Select your parchment outline (may have to hide the other layers) shape, Invert the selection and then delete everything on layers "outside" the selection so you have it transparent and then save it as PNG.  This will make it look more like a separate parchment and png will likely likely take up less space.

----------


## Feralspirit

Quick reply to Korash- Way too long! Days, certainly, but I'm not sure how many. I agonize over very small details.

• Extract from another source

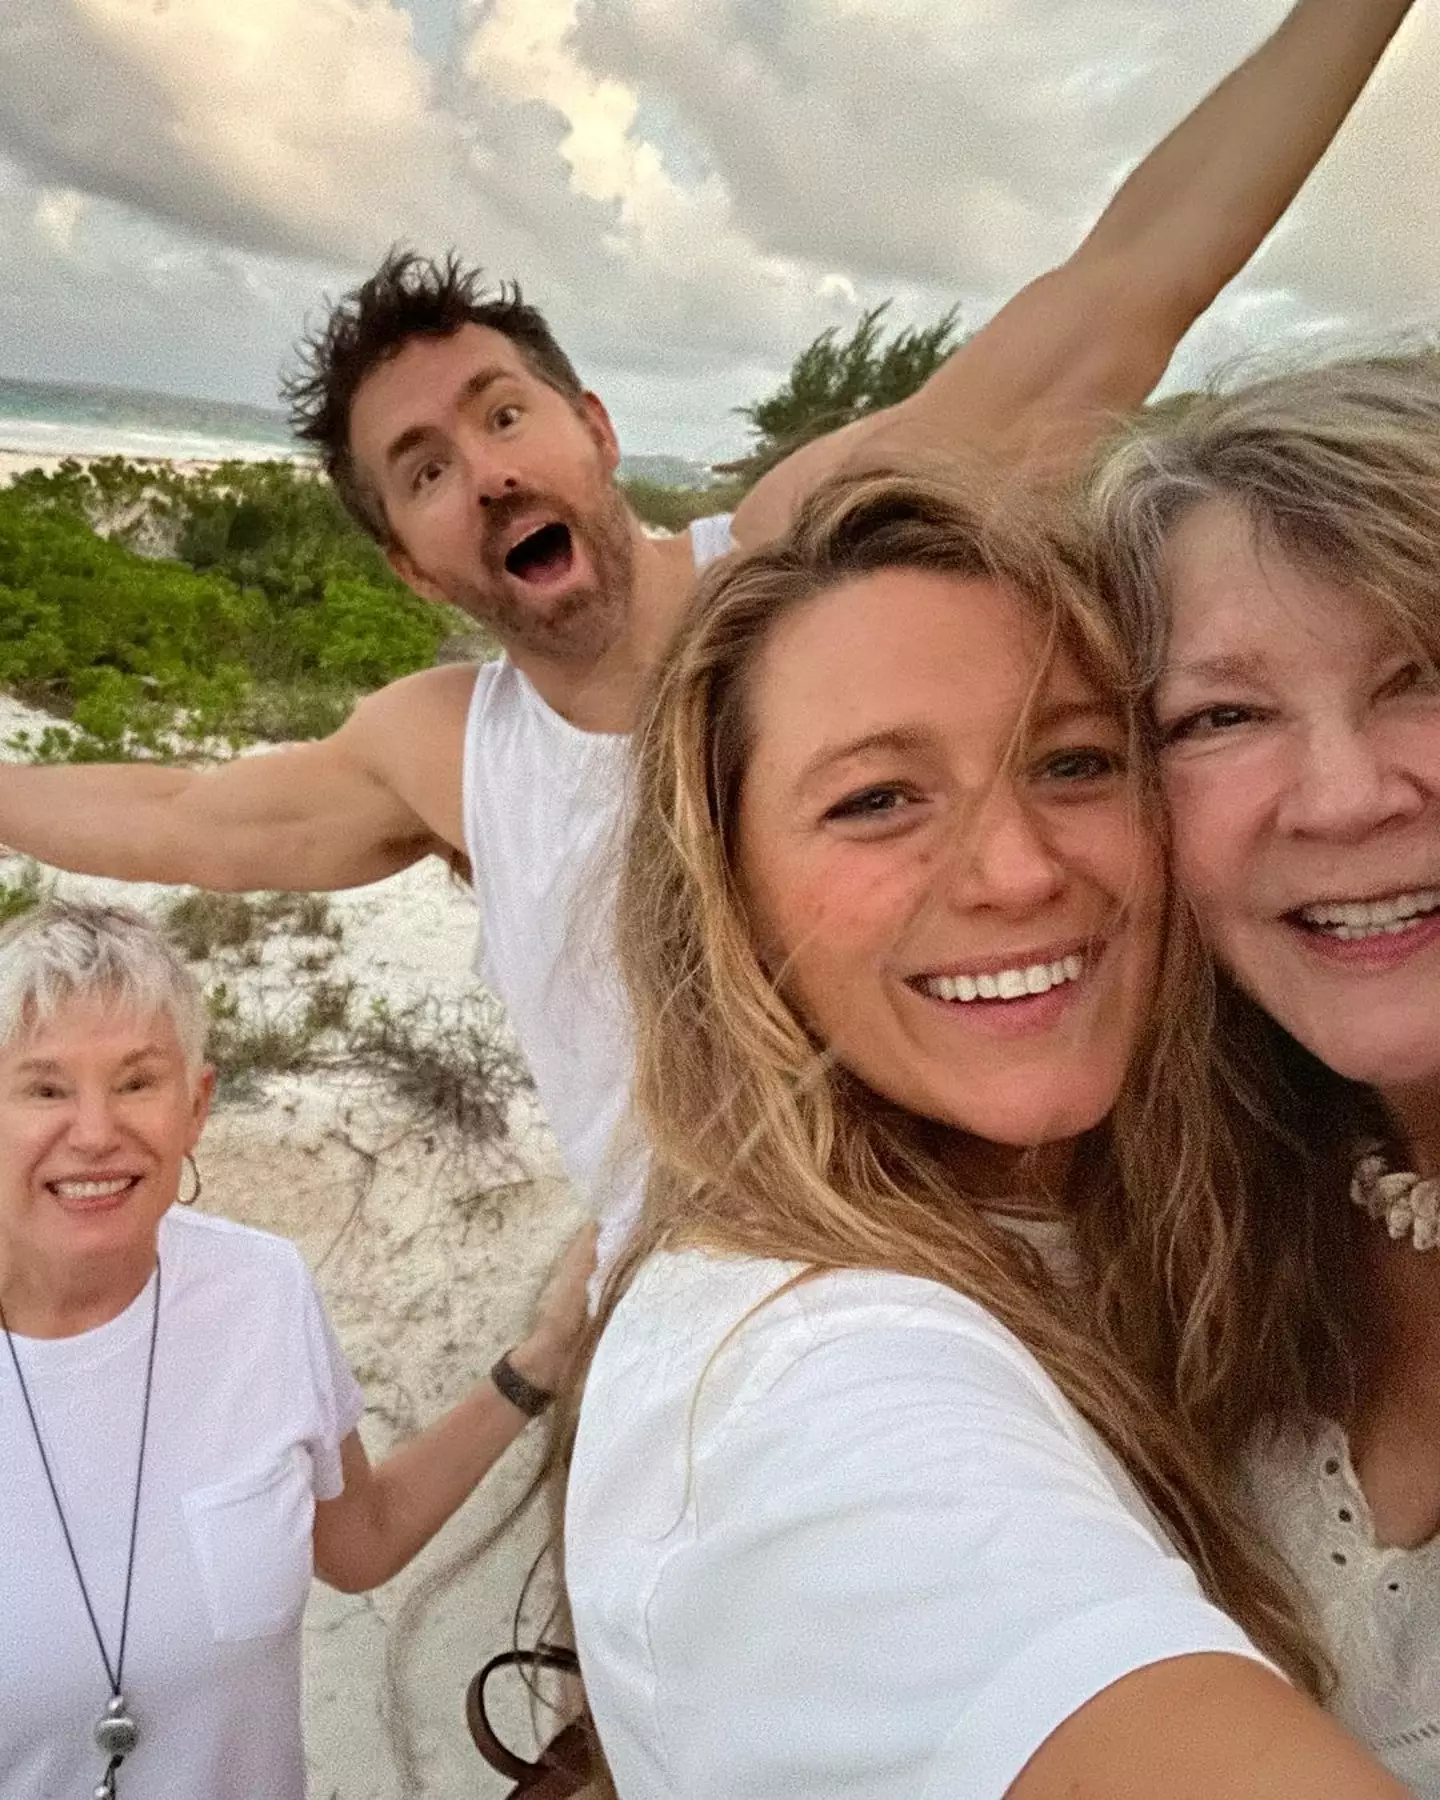 Blake Lively had a beach getaway with her husband Ryan and their mums.

jfrazierjr- I'm not sure I followed your instructions very well. I did manage to select the area between the paper and the image limits, but could not find 'delete' option anywhere. I tried cutting, to no avail. So I just started looking through the options I did have. At one point I could see the checkerboard behind the paper (though I'm not sure how I did it), but I could still see the parts of the map that ran past the paper's edge under the checkers, so I figured that wasn't it. In the end I filled the selection with white. I then saved it as a .png file. I'm not sure how big it was before this save, but the current image is 6.94 MB. I reduced the image by 50% so that I could post the result.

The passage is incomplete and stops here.